- _DATA EXCERPT_:
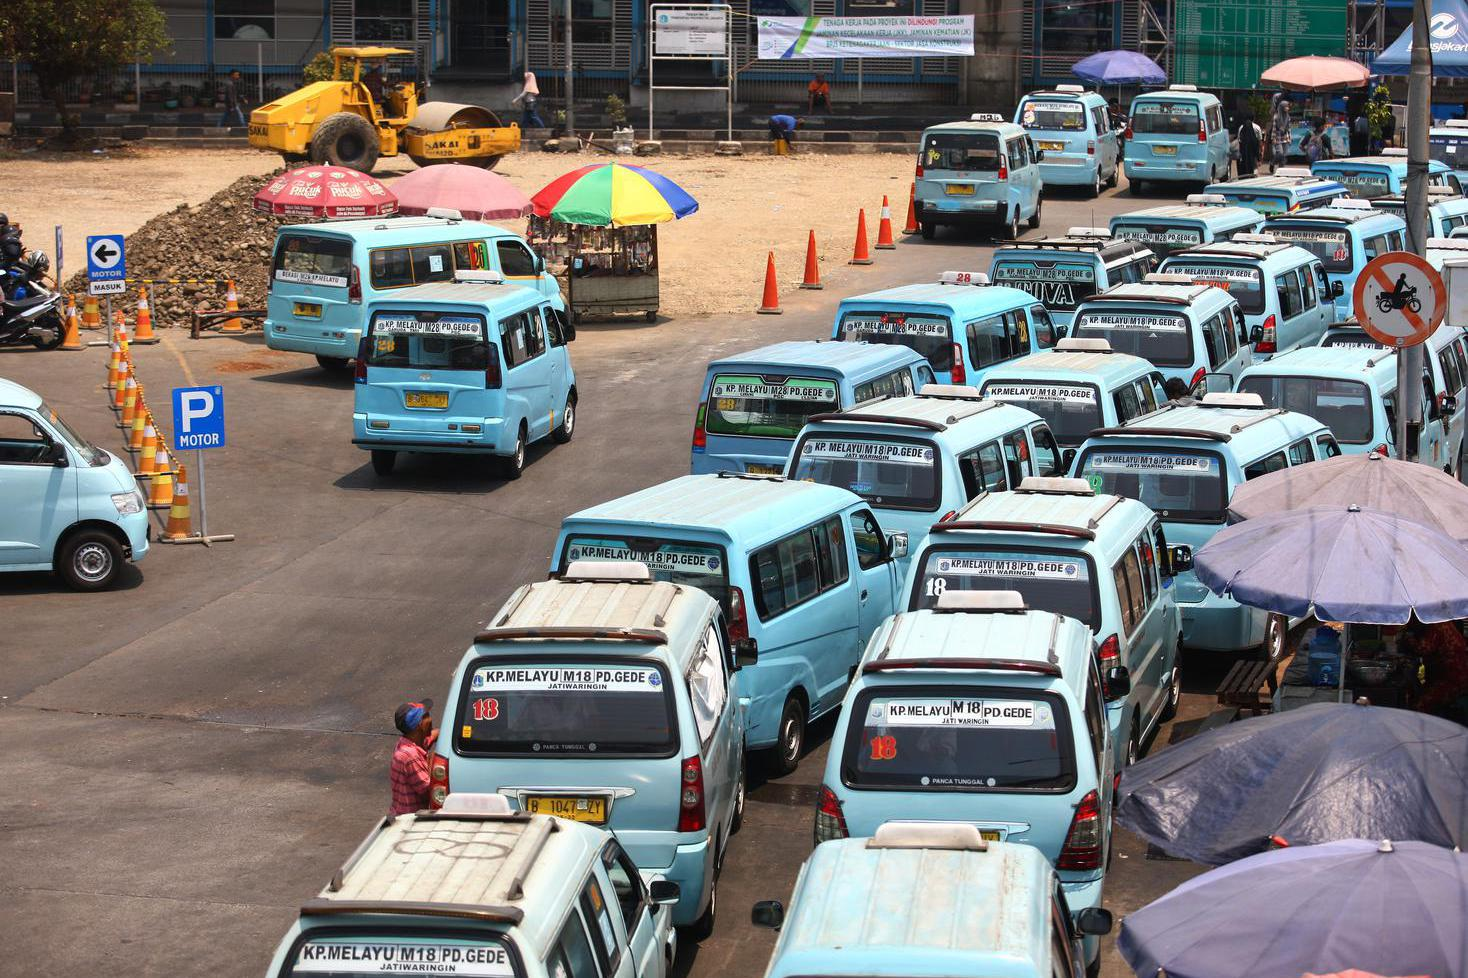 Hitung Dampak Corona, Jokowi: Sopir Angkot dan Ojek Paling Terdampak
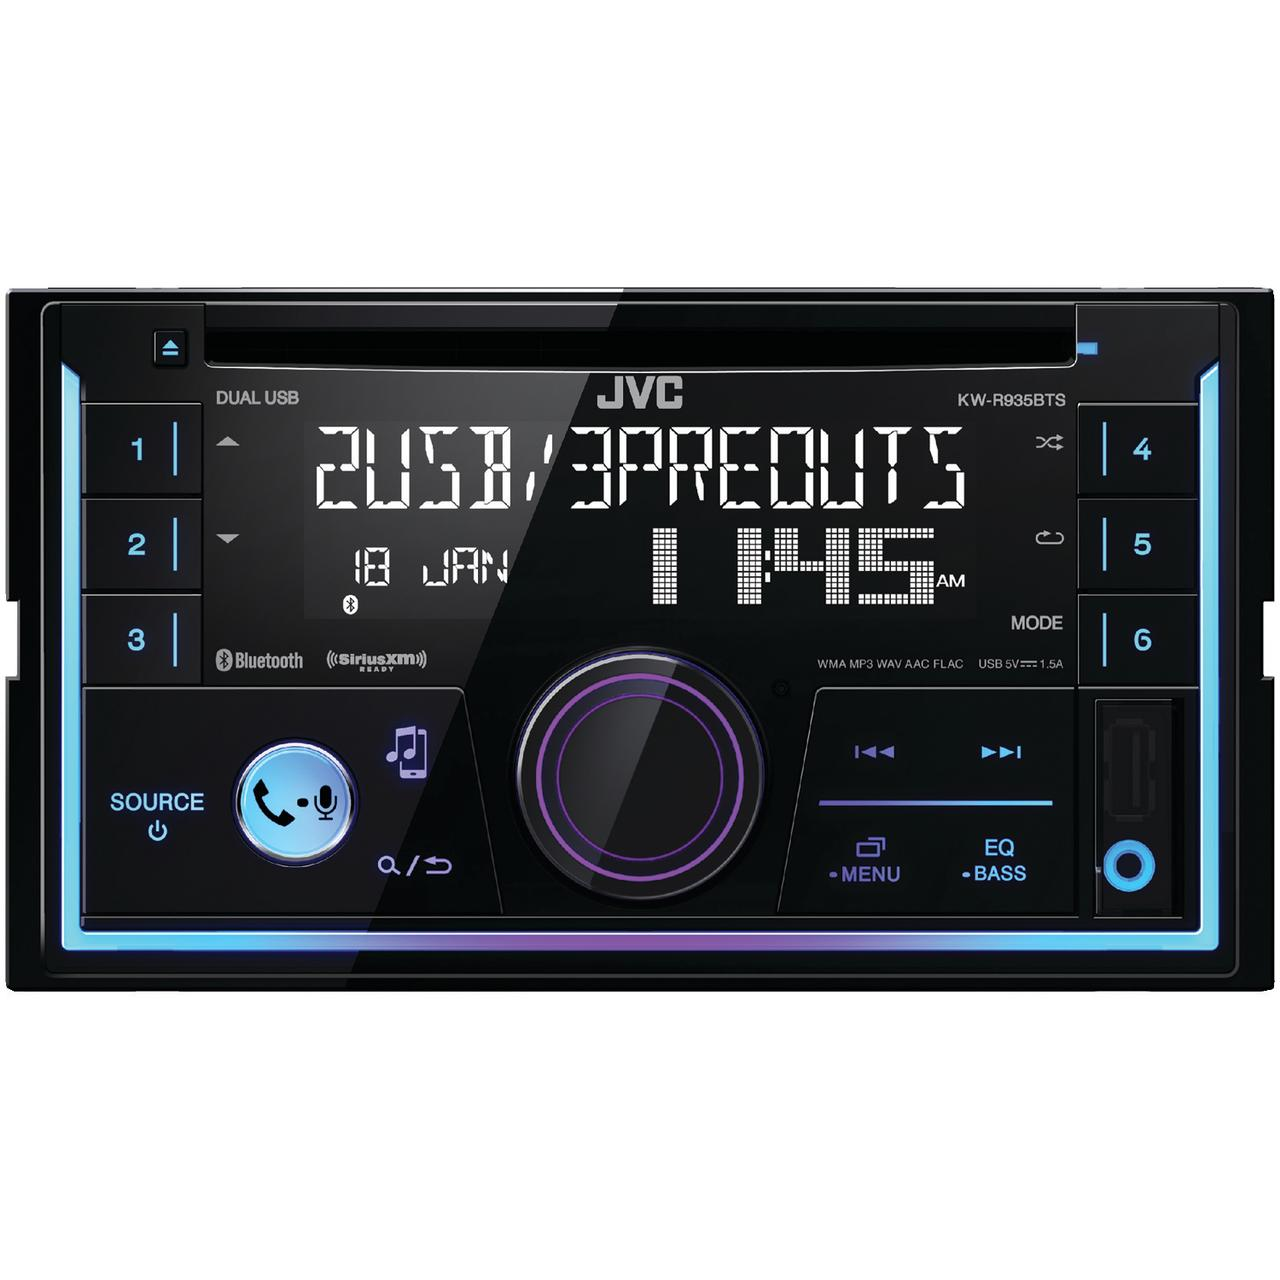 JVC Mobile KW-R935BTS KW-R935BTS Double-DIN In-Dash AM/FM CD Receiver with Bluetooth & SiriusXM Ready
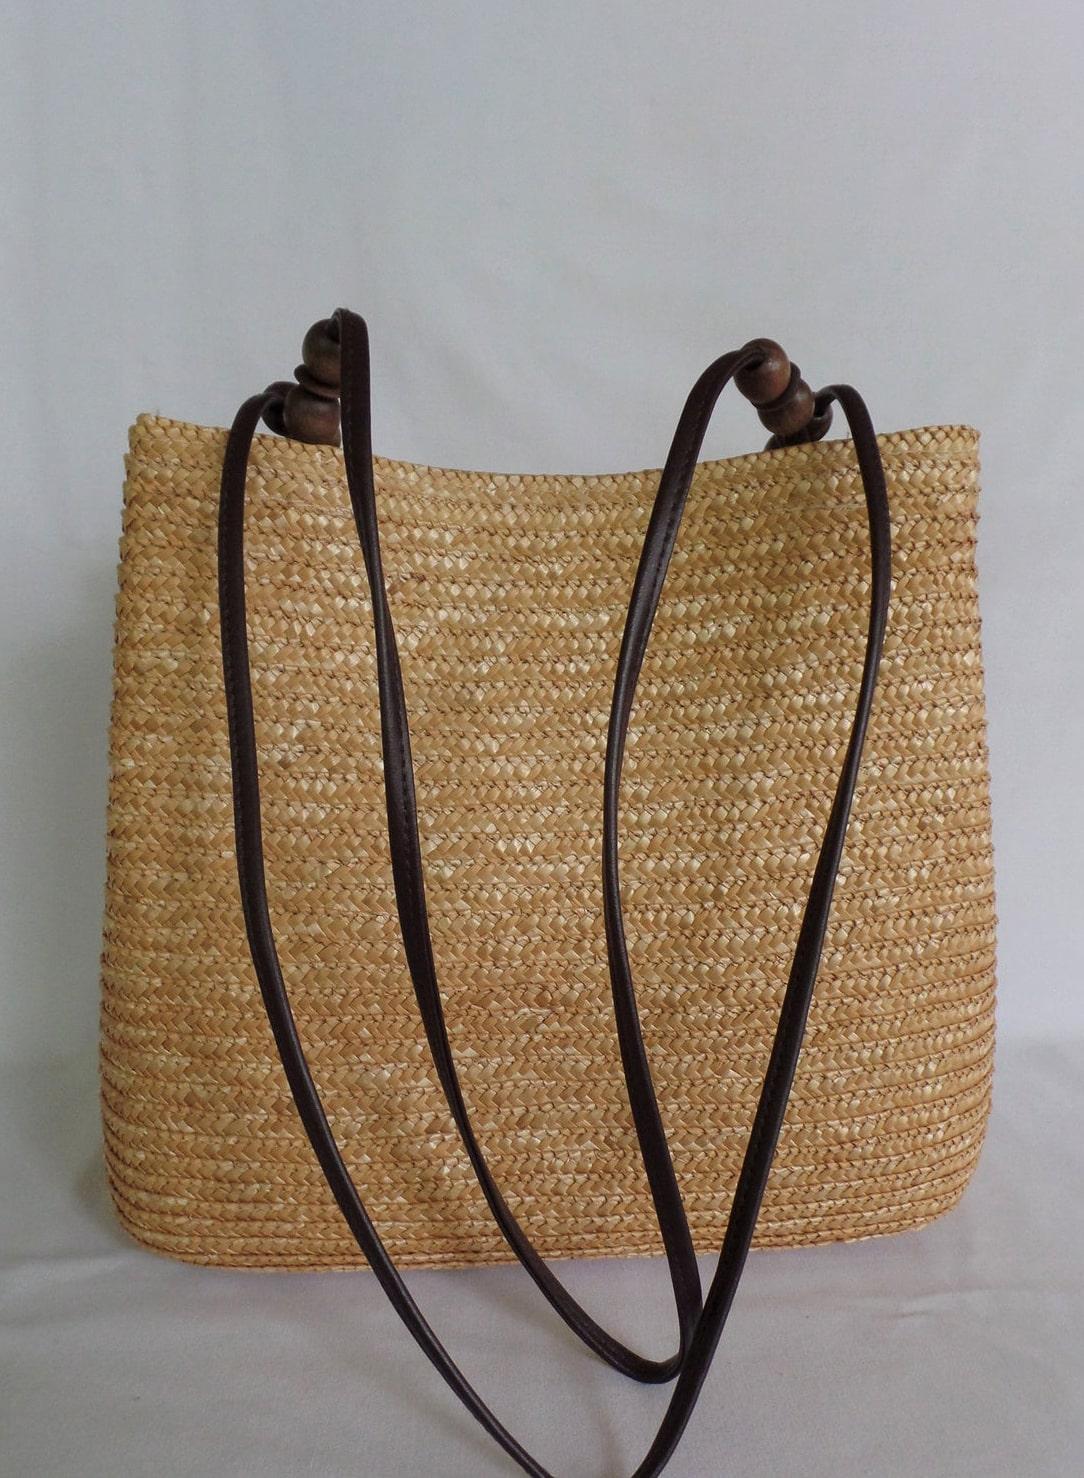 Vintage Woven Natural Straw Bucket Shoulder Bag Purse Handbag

- _EXERCISE REQUIREMENTS_:
Word-for-word transcription: the whole listing, with images excluded.

- _ANSWER TO THE PROBLEM_:
 Hitung Dampak Corona, Jokowi: Sopir Angkot dan Ojek Paling Terdampak
 JVC Mobile KW-R935BTS KW-R935BTS Double-DIN In-Dash AM/FM CD Receiver with Bluetooth & SiriusXM Ready
 Vintage Woven Natural Straw Bucket Shoulder Bag Purse Handbag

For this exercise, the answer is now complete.